■ Data provided ■
----

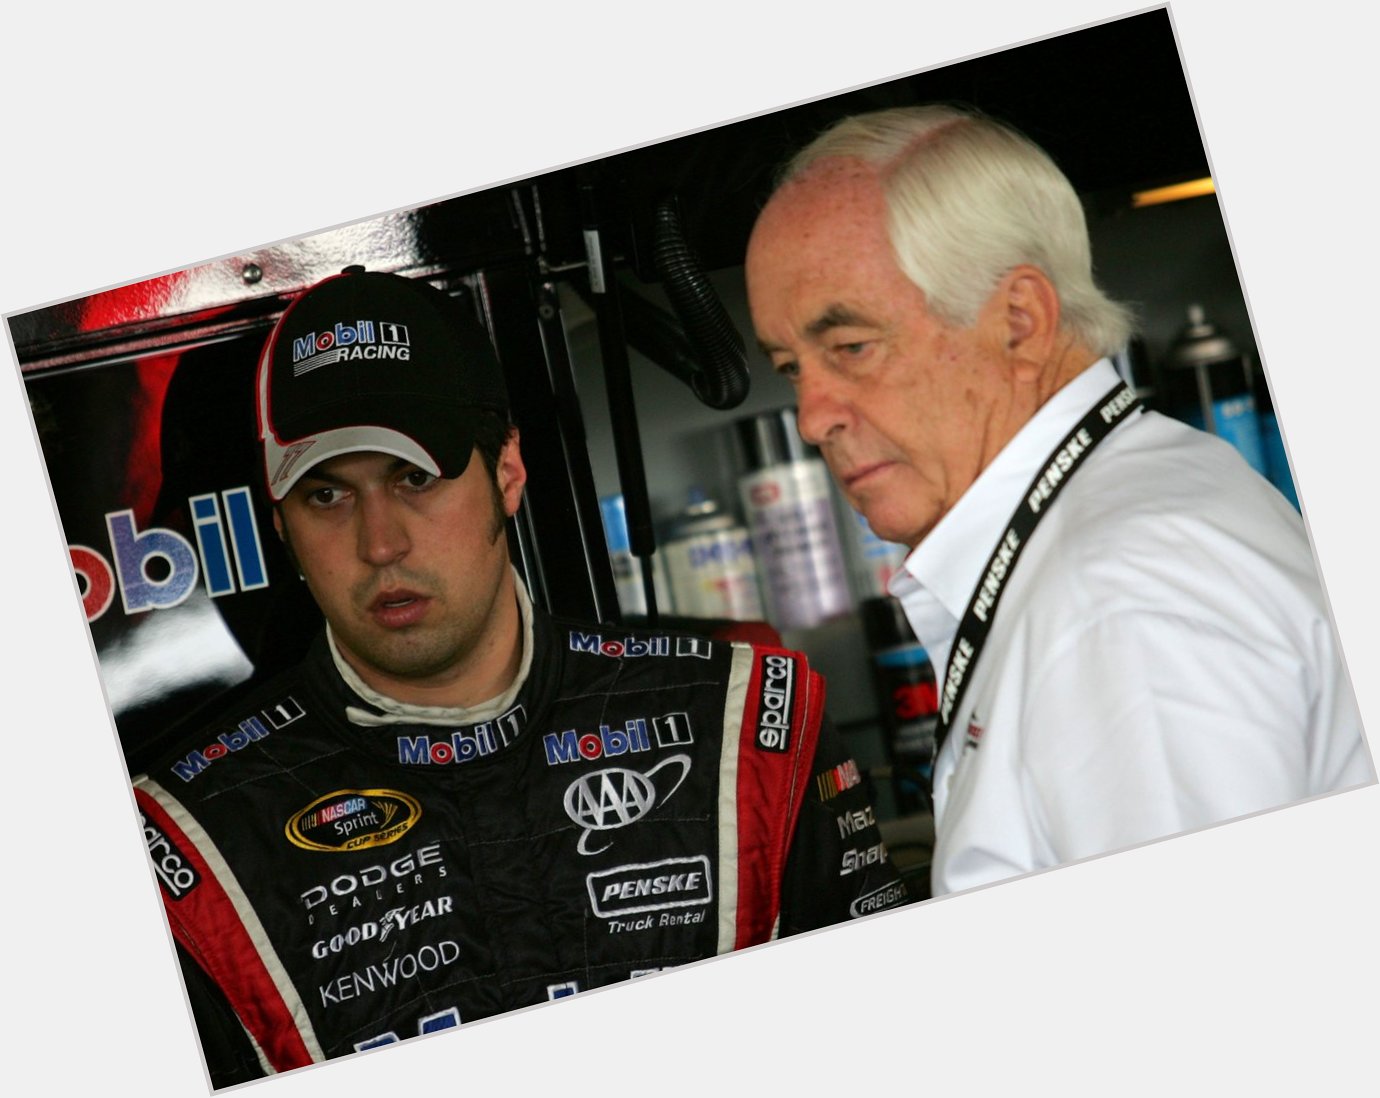 Happy Birthday to The Captain, Roger Penske! A household name at The Glen. 
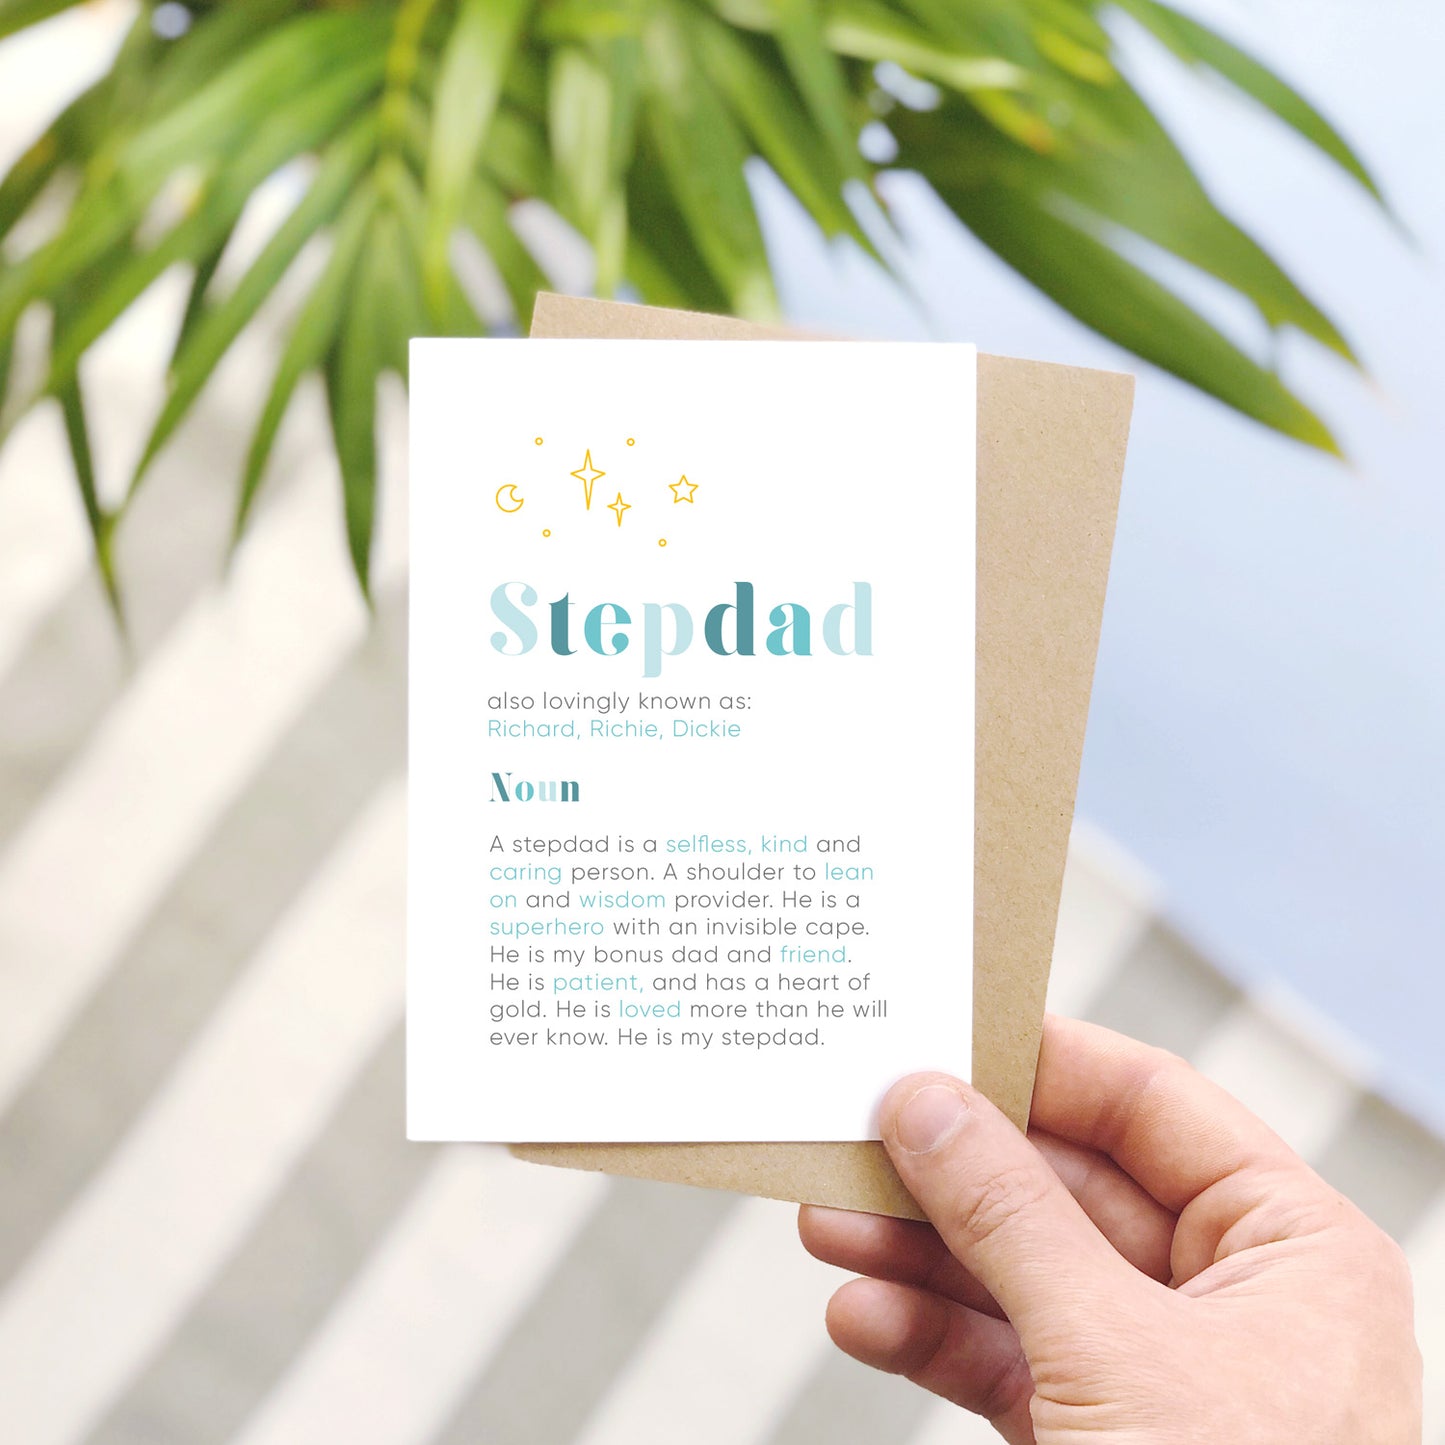 A personalised stepdad definition card being held over a stripy carpet, an area of blue and with a pot plant in the background. Each card has space for nicknames under the blue stepdad text and below features the definition of what it means to be a stepdad.
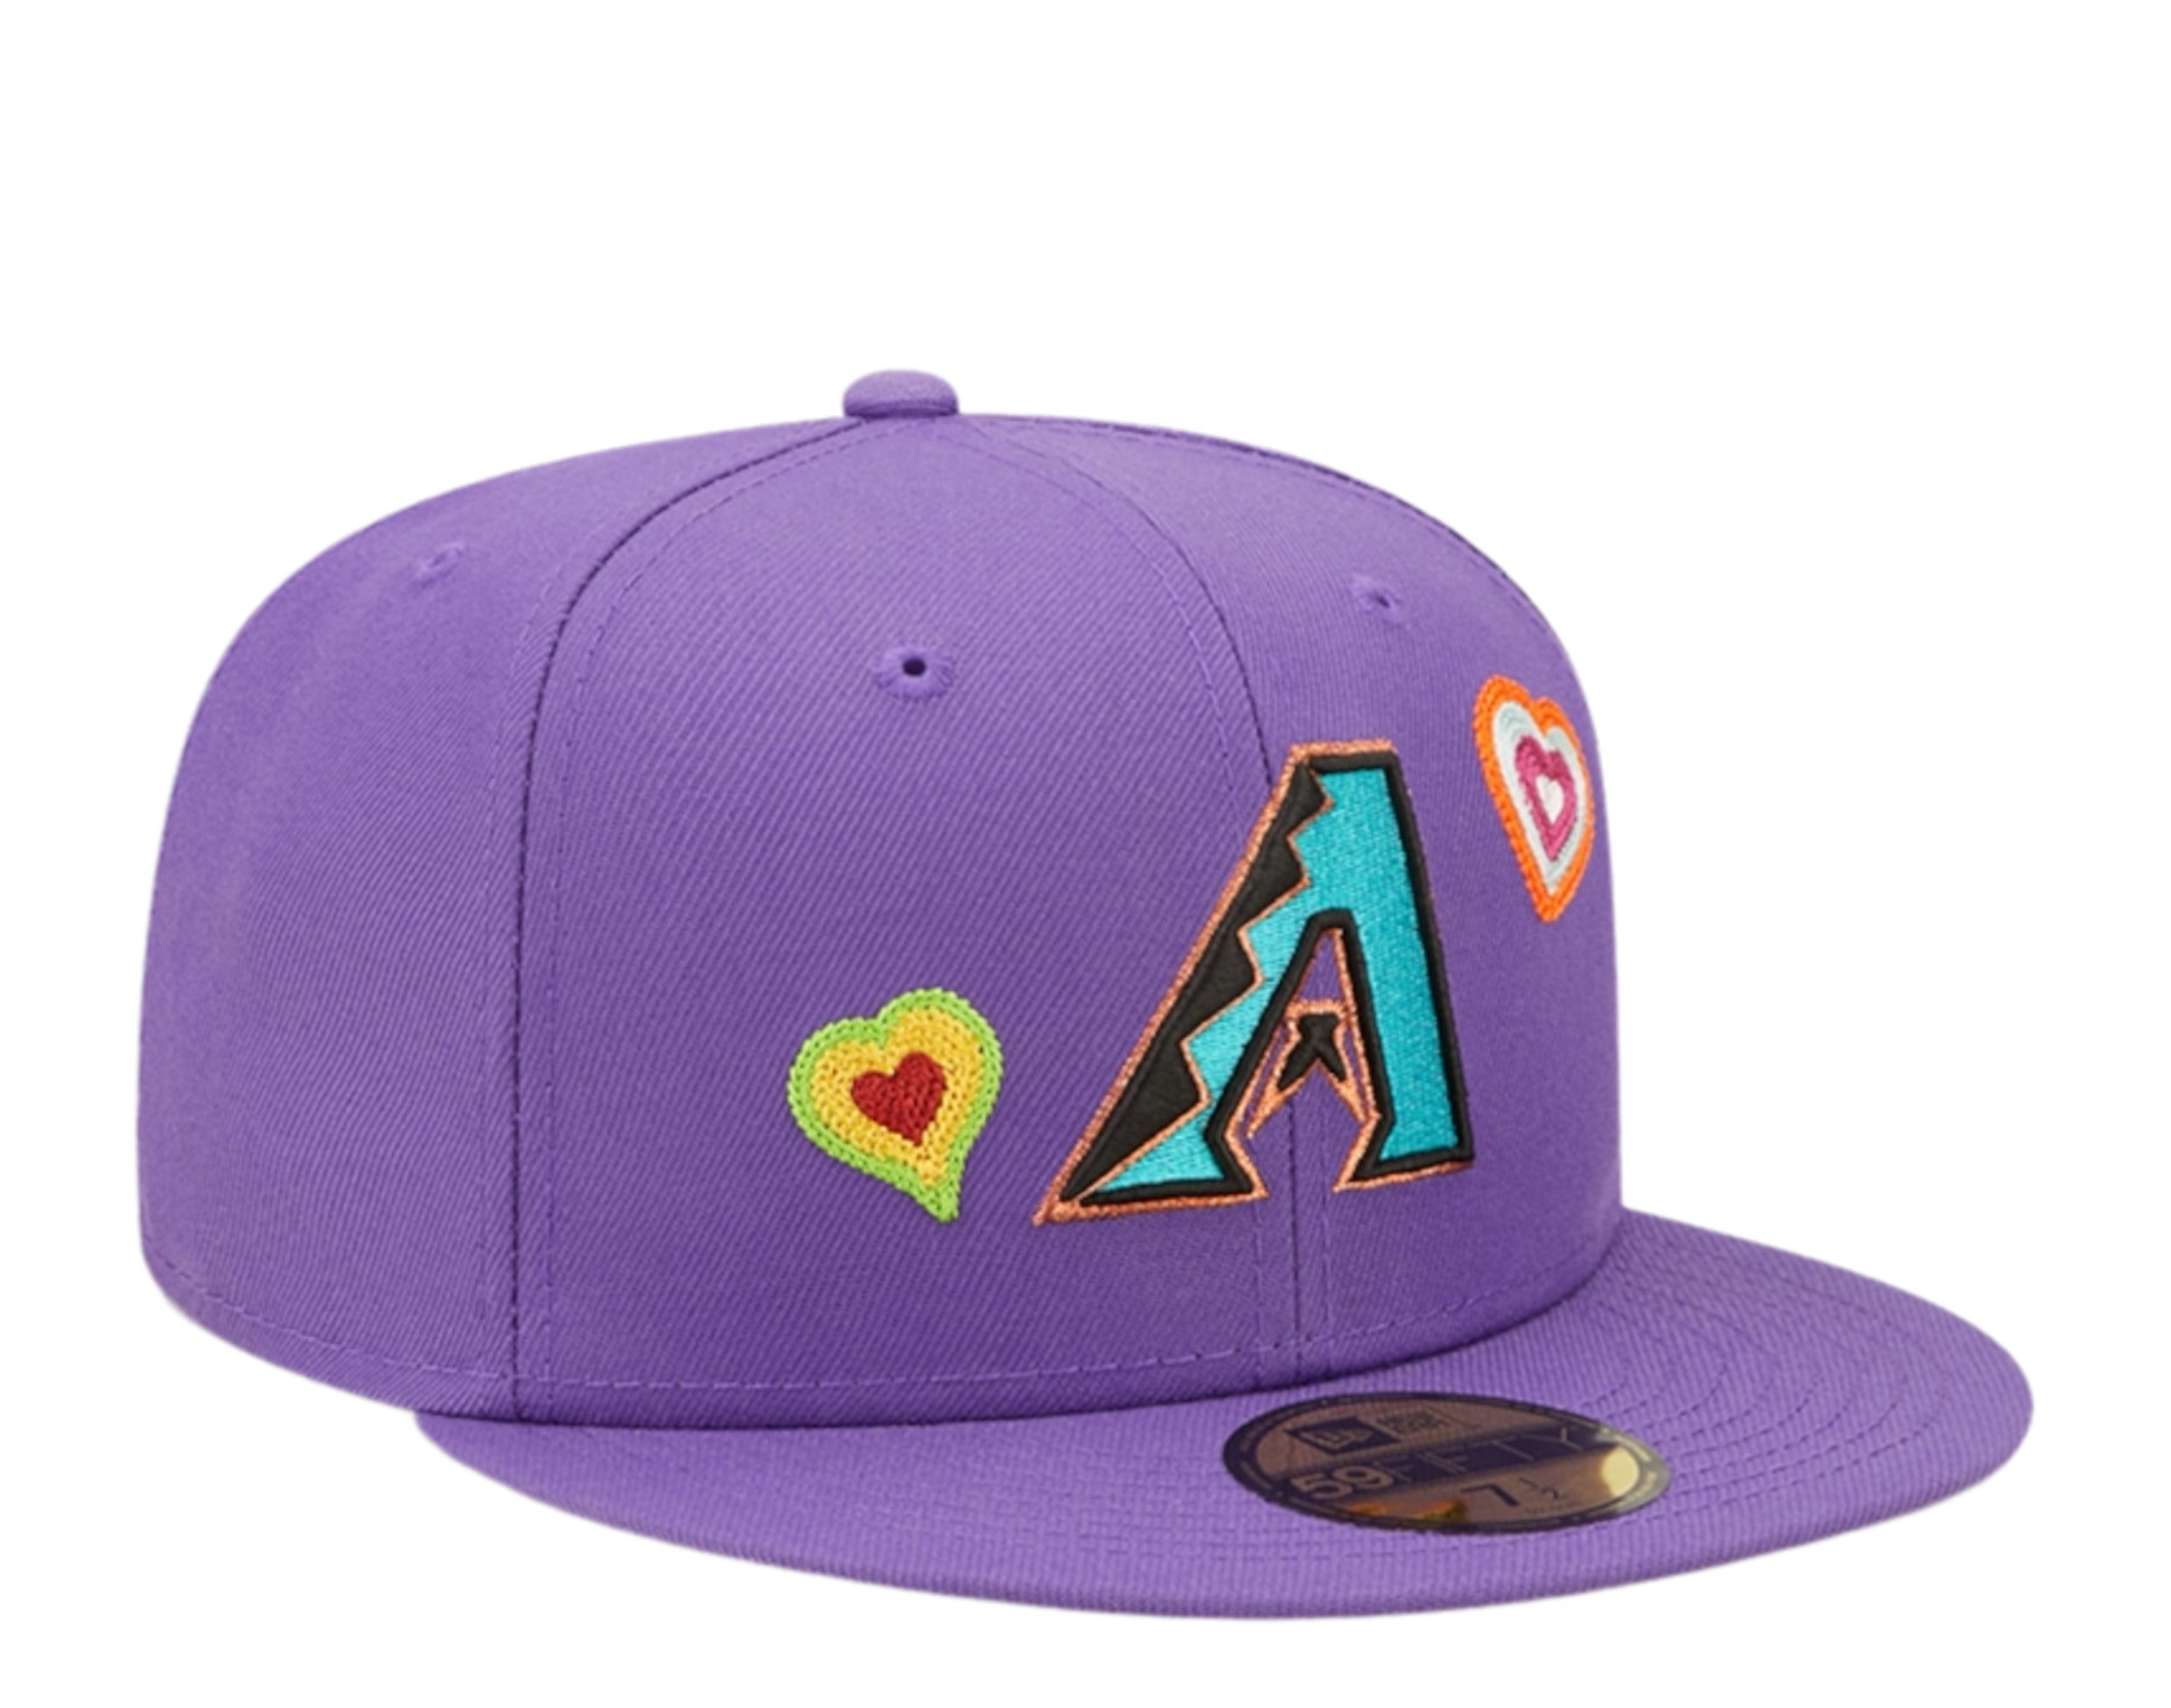 Golden State Lakers CHAIN STITCH HEARTS Black Fitted Hat
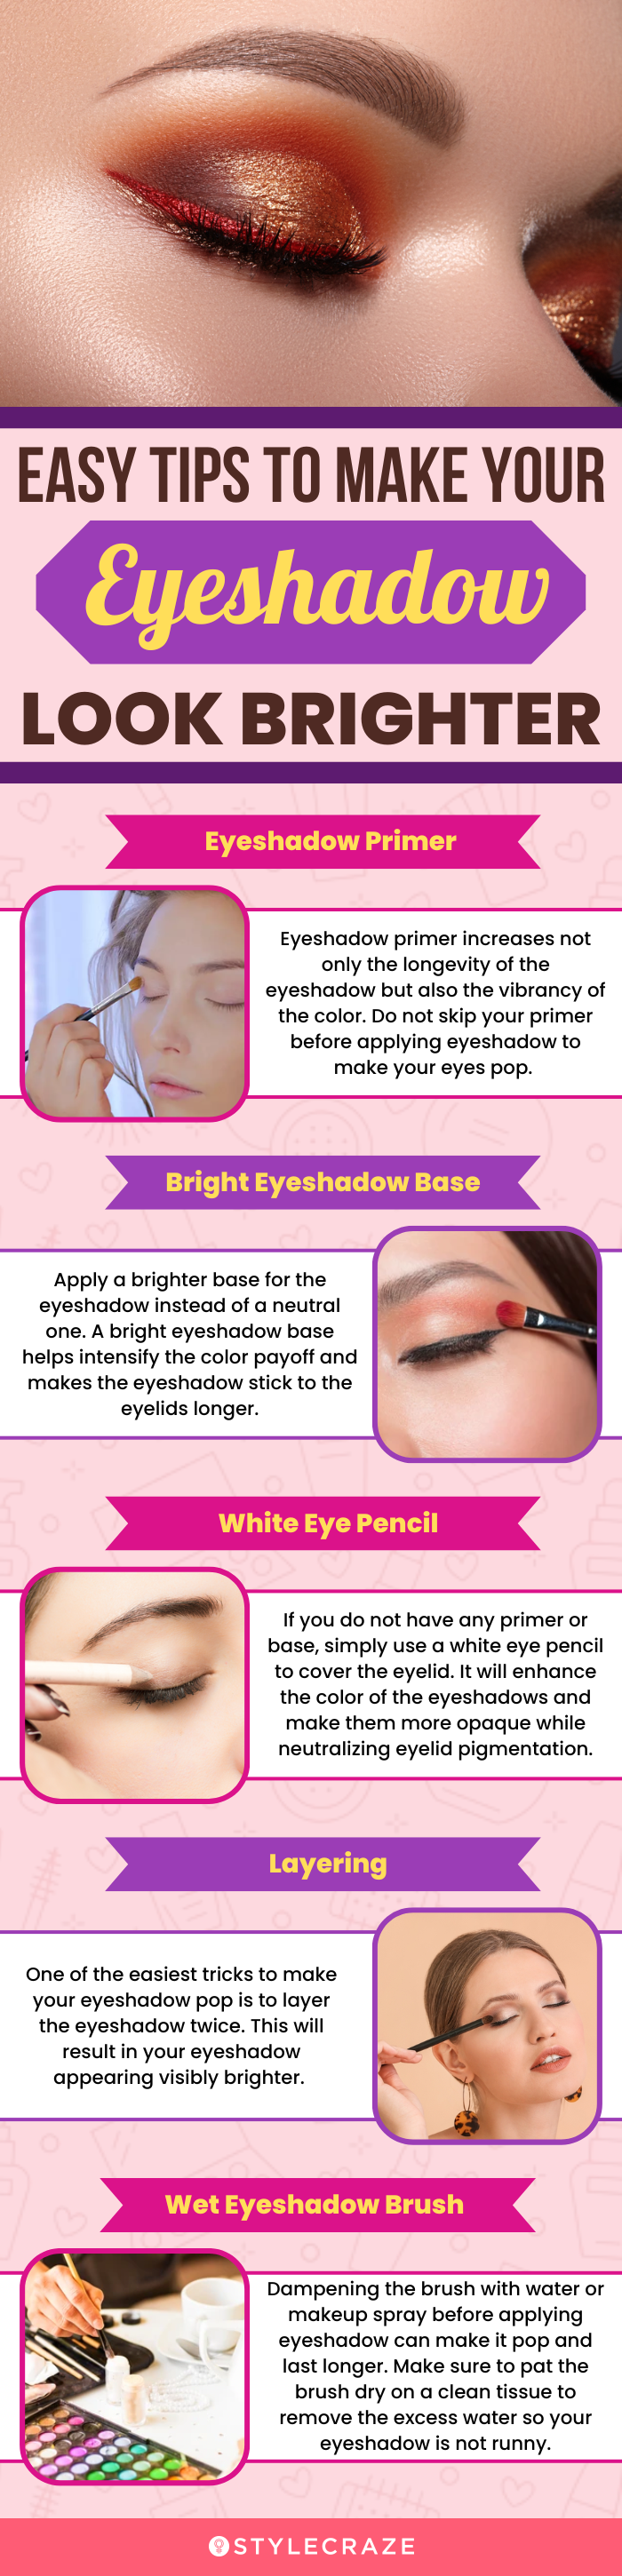 easy tips to make your eyeshadow look brighter (infographic)

----

■ Exercise requirements ■
The full listing must come back exactly as written, with its pictures left out.

■ Response to the task ■
 Happy Birthday to The Captain, Roger Penske! A household name at The Glen. 
 A personalised stepdad definition card being held over a stripy carpet, an area of blue and with a pot plant in the background. Each card has space for nicknames under the blue stepdad text and below features the definition of what it means to be a stepdad.
 Golden State Lakers CHAIN STITCH HEARTS Black Fitted Hat
 easy tips to make your eyeshadow look brighter (infographic)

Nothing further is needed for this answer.